Роми отвечала мне снимками и пояснениями, которые демонстрировали как ее зреющий талант, так и взбалмошное очарование ее молодости.

«Папа и мама все время ссорятся, и я не знаю из-за чего».

«Я смотрю на снимок бабушки, сделанный когда-то нашим симпатичным соседом-придурком, и думаю — жаль, что ты не дождалась меня: мы могли бы быть хорошими подругами, а сейчас ты даже не знаешь, что я существую».

«Когда пришли сообщить о Биньямине, папа упал на землю, кричал и буянил. Жаль, что я не сфотографировала тебе это».

А теперь она потребовала:

— Я хочу сфотографировать вас вместе.
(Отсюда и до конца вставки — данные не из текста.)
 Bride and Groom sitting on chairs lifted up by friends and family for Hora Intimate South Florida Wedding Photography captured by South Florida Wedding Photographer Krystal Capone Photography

Двух братьев.

— Не морочь голову! — разозлился Яков.

— Я все равно сфотографирую тебя, захочешь ты или нет.

— Иди лучше фотографируй своих тельавивцев! — закричал брат. — На мне ты не сделаешь карьеру. Эта твоя фотография — стыд, просто стыд! — И, увидев, что я прислушиваюсь, погрозил и мне пальцем. — Как ты, точно как ты. Пара крыс! Есть, не вкалывая, наслаждаться, не страдая, смотреть, не надевая очков. Ты с твоими книгами и она со своим фотоаппаратом. Если б вы не были родственниками, я бы вас давно уже сосватал.
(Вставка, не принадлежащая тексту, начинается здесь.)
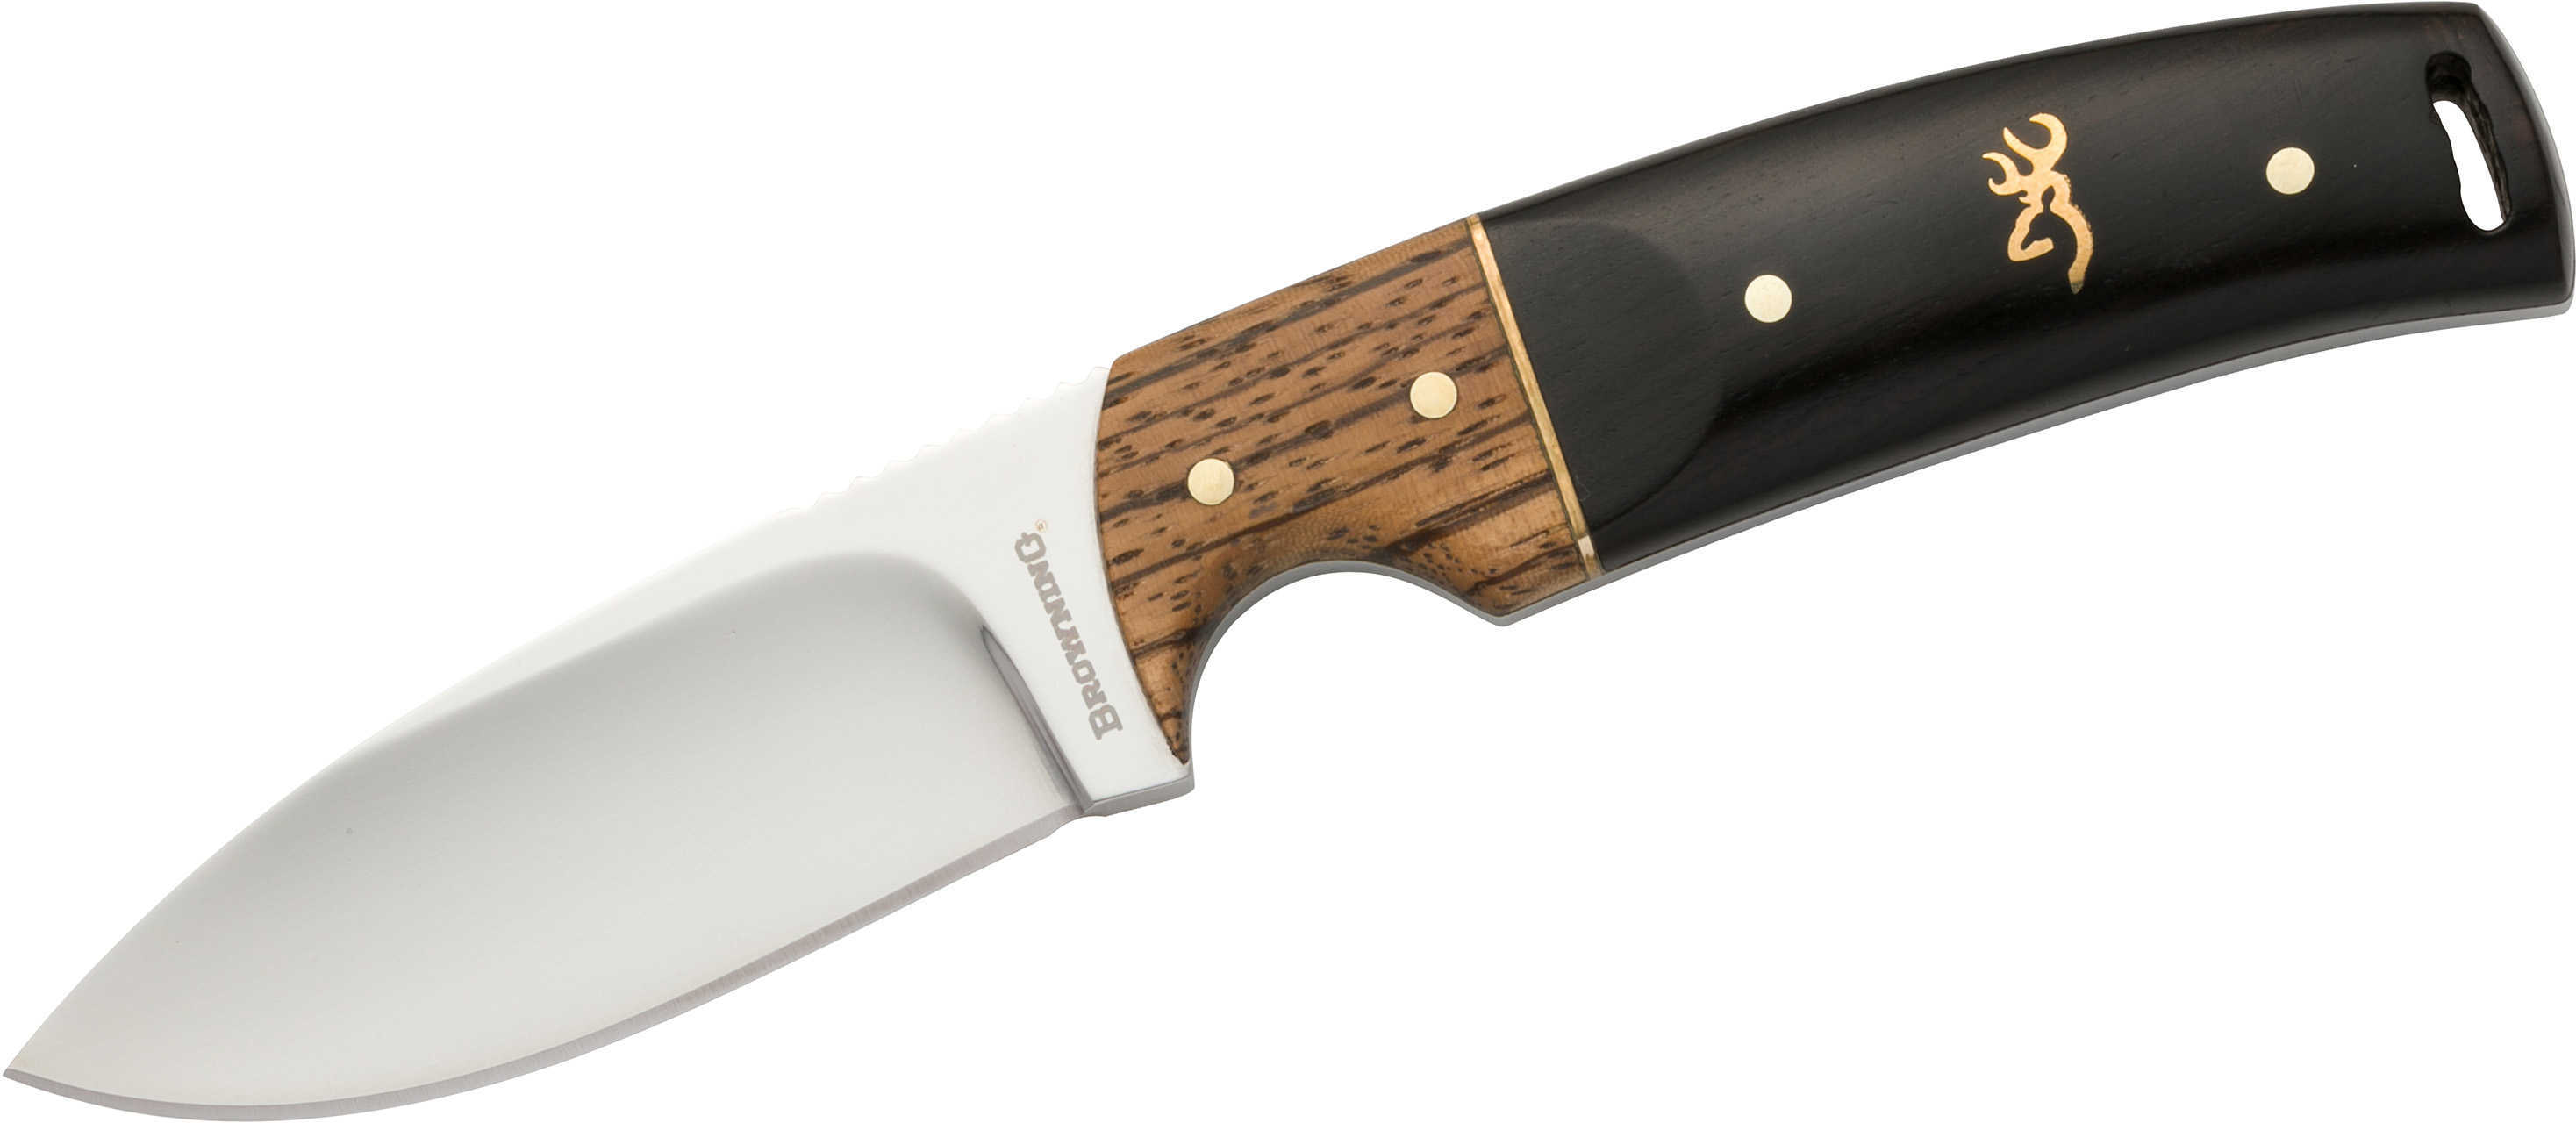 Browning 3220271 Buck Mark Hunter Fixed 3.125" 8Cr13MoV Stainless Steel Drop Point Hardwood

Я промолчал, но Роми вспыхнула:

— Ты еще скажешь мне спасибо за эти снимки!

Она стала кружиться вокруг Якова, точно большая золотая оса и, когда он повернулся в ее сторону, дрожа всем телом и шаря растопыренными руками в воздухе, вдруг толкнула его и так же, как Яков и я, была поражена, с какой легкостью он повалился на стул. Она обежала стул, встала за его спиной и прижалась грудью к его лопаткам. Охватив его шею руками и уткнувшись лицом в его затылок, она шептала и шептала, пока все мое тело не напряглось от желания и боли.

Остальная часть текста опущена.